In November 2016, InPlay completed a series of transformational transactions including the go-public reverse takeover (the “Arrangement“) of Anderson Energy Inc., a “bought deal” equity financing for aggregate gross proceeds of $70.3 million and a significant asset acquisition in its core Pembina area (the “Asset Acquisition“).

InPlay successfully executed its strategy in 2016 of assembling a light oil company with premier assets that can provide shareholders with top tier organic growth amongst light oil weighted peers. The Company’s strategy was to build a sustainable light oil resource base backed by solid, predictable reserves with a strong balance sheet and supported by an inventory of high return quick payout drilling locations.

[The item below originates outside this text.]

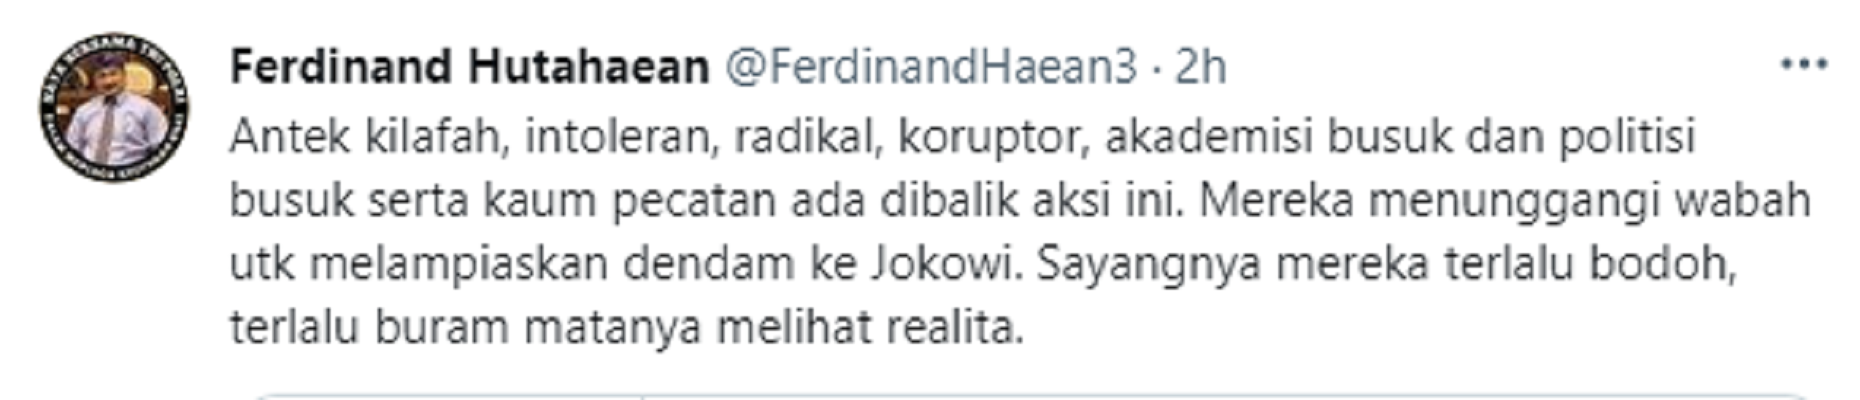 Cuitan Ferdinan Hutahaean menanggapi maraknya ajakan aksi Jokowi End Game.

The InPlay team’s efforts to date have resulted in proved developed producing, total proved and total proved plus probable reserve life indices of 5.7, 13.0 and 19.3 years respectively, with an estimated base 2017 proved developed producing decline of 21%. The Company is anticipating >20% per share organic production growth (>25% on a debt adjusted basis) forecasted for the month of December 2017 over December 2016 and debt to cash flow of 1.0 times or less. Also, we have put together a large inventory of drilling locations with payouts estimated at less than one year.

2016 Reserves Highlights:

  • Proved Developed Producing (“PDP“) reserves
    • Increased by 135% from 3,106.8 mboe to 7,304.0 mboe (65% oil & liquids).
    • Replaced production by 691%.
    • FD&A costs including the change in future development capital (“FDC”) of $18.12 per boe resulting in a recycle ratio of 1.3 times.
    • Reserve life index of 5.7 years, an increase of 29%.
  • Total Proved (“TP“) reserves
    • Increased by 187% from 5,776.8 mboe to 16,578.5 mboe (67% oil & liquids).
    • Replaced production by 1,621%.
    • FD&A costs including the change in FDC of $14.13 per boe resulting in a recycle ratio of 1.6 times.
    • Reserve life index of 13.0 years, an increase of 58%.
  • Proved plus Probable (“P+P“) reserves
    • Increased by 180% from 8,739.4 mboe to 24,485.7 mboe (69% oil).
    • Replaced production by 2,318%.
    • FD&A costs including the change in FDC of $11.54 per boe resulting in a recycle ratio of 2.0 times.
    • Reserve life index of 19.3 years, an increase of 55%.
  • Using the independent reserves evaluation effective December 31, 2016, the net present value of future net revenues discounted at 10% (“PV10”) before taxes of our P+P reserves, inclusive of our internally estimated undeveloped land value and seismic value of $17.5 million, a fair market value liability of $1.5 million on our commodity derivative contracts and net of estimated net debt at year end of $35.0 million equates to an estimated net asset value of $4.78 per common share.

Operations Update:

Since the completion of the Arrangement and related transactions on November 7, 2016, the Company has drilled 10 (8.0 net) light oil Cardium horizontal wells. The drilling program was completed on February 10, 2017, of which 2 (1.9 net) wells came on production in late 2016 and 3 (3.0 net) wells came on production in the middle of February, 2017. There are currently 5 (3.1 net) wells remaining to be completed, equipped and tied in for production. We currently expect these wells will be completed and brought on production through March and April, and even with delays in completions due to high industry activity, we continue to be on target with our production guidance of 4,000 – 4,200 boed average for 2017 and 4,300 – 4,500 boed 2017 exit.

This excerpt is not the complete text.